Feedback on Supreme Court’s Housing-Law Ruling JULY 24, 2015

By LISA PREVOST

Some mortgage lenders are predicting costly repercussions from last month’s Supreme Court decision upholding a longstanding legal tool for challenging housing and lending practices that have a discriminatory effect, if not an obvious discriminatory intent.

The court’s 5-4 vote supporting “disparate impact” claims under the Fair Housing Act “will promote litigation that would itself cause reputational damage, serious business disruption, and extraordinary financial expense — even when a lender eventually prevails,” said Camden R. Fine, the president and chief executive of the Independent Community Bankers of America, in a written statement. …

But other industry experts say a sky-is-falling response to the decision is overblown and unproductive. Rick Roque, the managing director of retail at MiMutual Mortgage, in Southfield, rickrokayMich., said lenders should set aside their “defense mechanisms” concerning the issue, take a serious look at their practices and find ways to go after the large “emerging markets” of blacks and Latinos.

Rick Roque is a great name for a mortgage salesman. I don’t care whether he pronounces it Rick Rock, Rick Roke, or Rick Ro-Kay. It’s all good.

“This presents a tremendous opportunity for banks to expand homeownership to classes that have been left out since the recession,” Mr. Roque said. “It’s not just an underserved market, but it’s also a tremendous financial opportunity that banks are passing on because of perceived risk.”

That perception — that these groups of borrowers are higher-risk — may be grounded in discriminatory thinking, even if lenders aren’t aware of it, he said. As an example, he noted that it was not uncommon for middle-class immigrant or minority borrowers to have two or even three jobs. They may have a solid record of being able to cover their rent and bills. But a mortgage lender may be uncomfortable with someone who isn’t a single-income earner, and not view the multiple jobs as stable or long-term enough to warrant credit.

Another example: Latino borrowers might obtain money from a number of relatives, in the United States or another country, for a down payment. “But if they submit a number of gift letters” explaining where the money came from, “the lender might view it suspiciously,” Mr. Roque said. “Even though culturally, it might be perfectly normal.”

No mortgage salesman in the history of the world has ever before thought of these rationalizations for making more in commissions.

Why not? Because they they were so mentally tied down by racistly redlining black bodies to notice that loosening traditional credits standards in the name of Racial Equality could get them that sweet new Beemer they’ve had their eyes on.

If you don’t believe me, just ask Ta-Nehisi Coates.

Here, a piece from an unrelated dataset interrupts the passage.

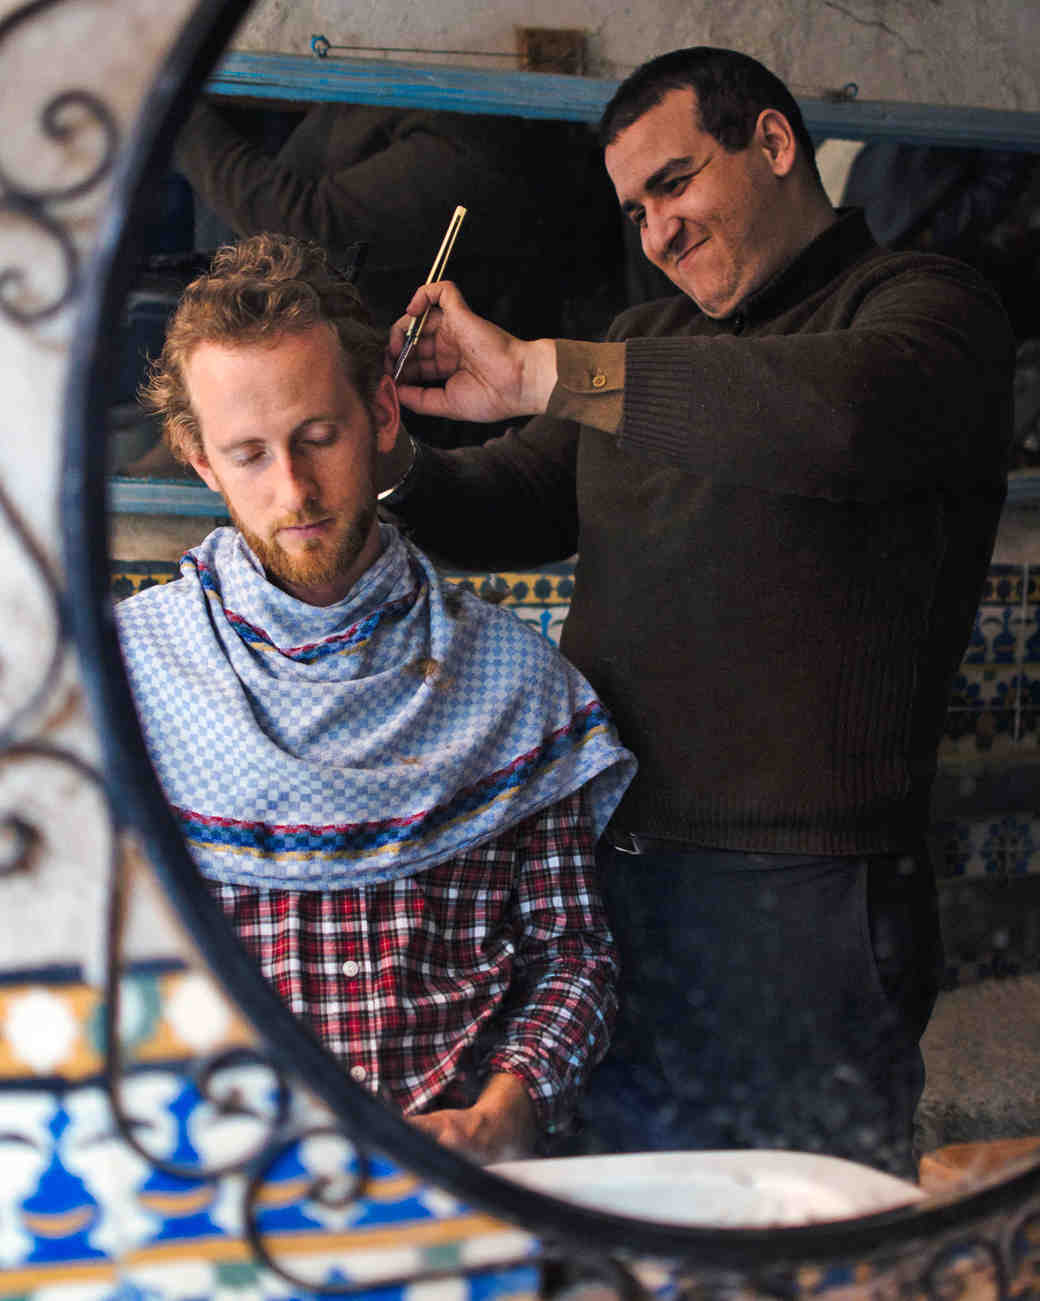 morocco-honeymoon-haircut-marrakech-dsc0989-0914.jpg

Data collected in 2014 under the Home Mortgage Disclosure Act showed that of 1.6 million conventional purchase mortgage loans originated the previous year, less than 15 percent went to borrowers of color, according to Nikitra Bailey, an executive vice president of the Center for Responsible Lending.
I don’t see 2014 statistics anywhere, but the government’s 2013 HMDA numbers show, minorities getting 20% of the these plainest of mortgages, and minorities accounting for 22% of the dollars lent. That’s in contrast to the good old days of 2006 when minorities got 34% of this kind of mortgage and 35% of the dollars lent.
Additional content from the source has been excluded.